- Venue: Jakarta Convention Center
- Date: 20 August 2018
- Competitors: 11 from 11 nations

Medalists
| gold medal | Aisuluu Tynybekova | Kyrgyzstan |
| silver medal | Risako Kawai | Japan |
| bronze medal | Nguyễn Thị Mỹ Hạnh | Vietnam |
| bronze medal | Rim Jong-sim | North Korea |

= Wrestling at the 2018 Asian Games – Women's freestyle 62 kg =

The women's freestyle 62 kilograms wrestling competition at the 2018 Asian Games in Jakarta was held on 20 August 2018 at the Jakarta Convention Center Assembly Hall.

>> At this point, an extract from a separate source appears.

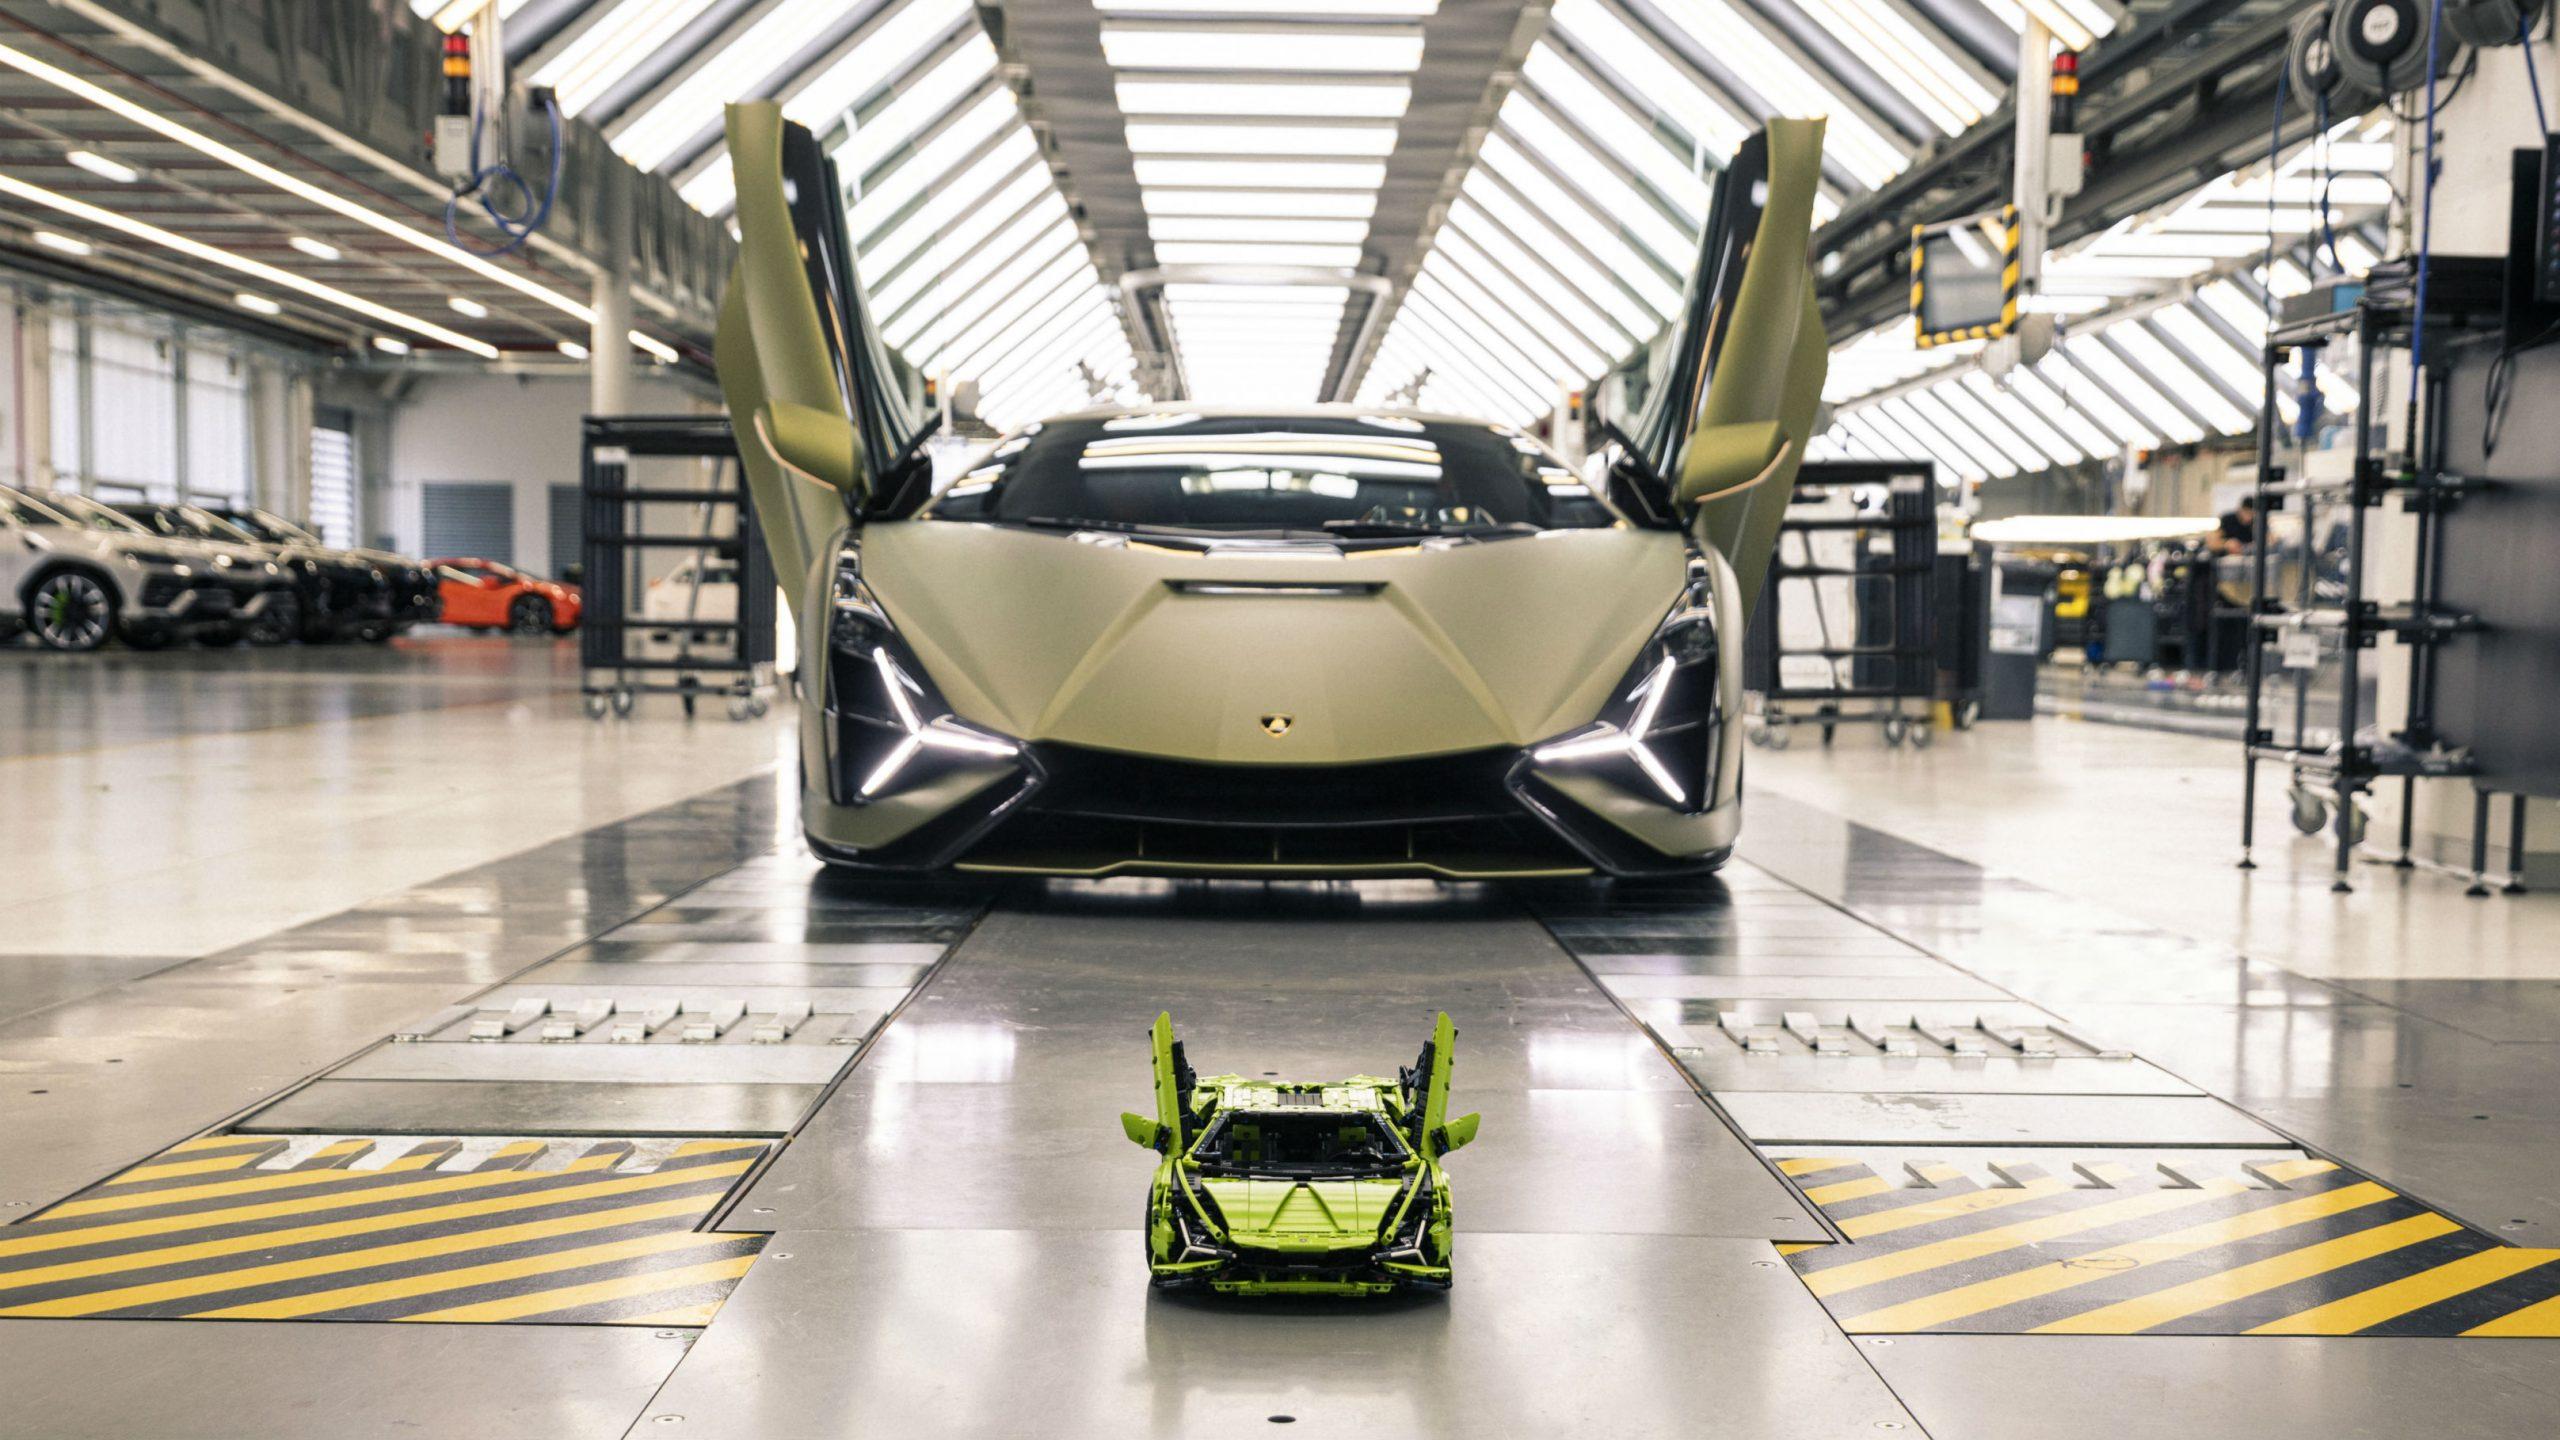 LEGO Technic Lamborghini Sian

On 3 September 2018, it was announced that Pürevdorjiin Orkhon had tested positive for stanozolol in a urine test conducted on 20 August 2018. Orkhon was disqualified and stripped of her gold medal.

==Schedule==
All times are Western Indonesia Time (UTC+07:00)

| Date | Time | Event |
| Monday, 20 August 2018 | 13:00 | 1/8 finals |
Quarterfinals
Semifinals
Repechages
| 19:00 | Finals |

==Results==
- Legend
- F — Won by fall

==Final standing==

| Rank | Athlete |
|---|---|
| 1st place, gold medalist(s) | Aisuluu Tynybekova (KGZ) |
| 2nd place, silver medalist(s) | Risako Kawai (JPN) |
| 3rd place, bronze medalist(s) | Nguyễn Thị Mỹ Hạnh (VIE) |
| 3rd place, bronze medalist(s) | Rim Jong-sim (PRK) |
| 5 | Sakshi Malik (IND) |
| 6 | Ayaulym Kassymova (KAZ) |
| 7 | Hang Jung-won (KOR) |
| 8 | Dewi Atiya (INA) |
| 8 | Salinee Srisombat (THA) |
| 10 | Xu Rui (CHN) |
| DQ | Pürevdorjiin Orkhon (MGL) |

- Pürevdorjiin Orkhon of Mongolia originally won the gold medal, but was disqualified after she tested positive for Stanozolol.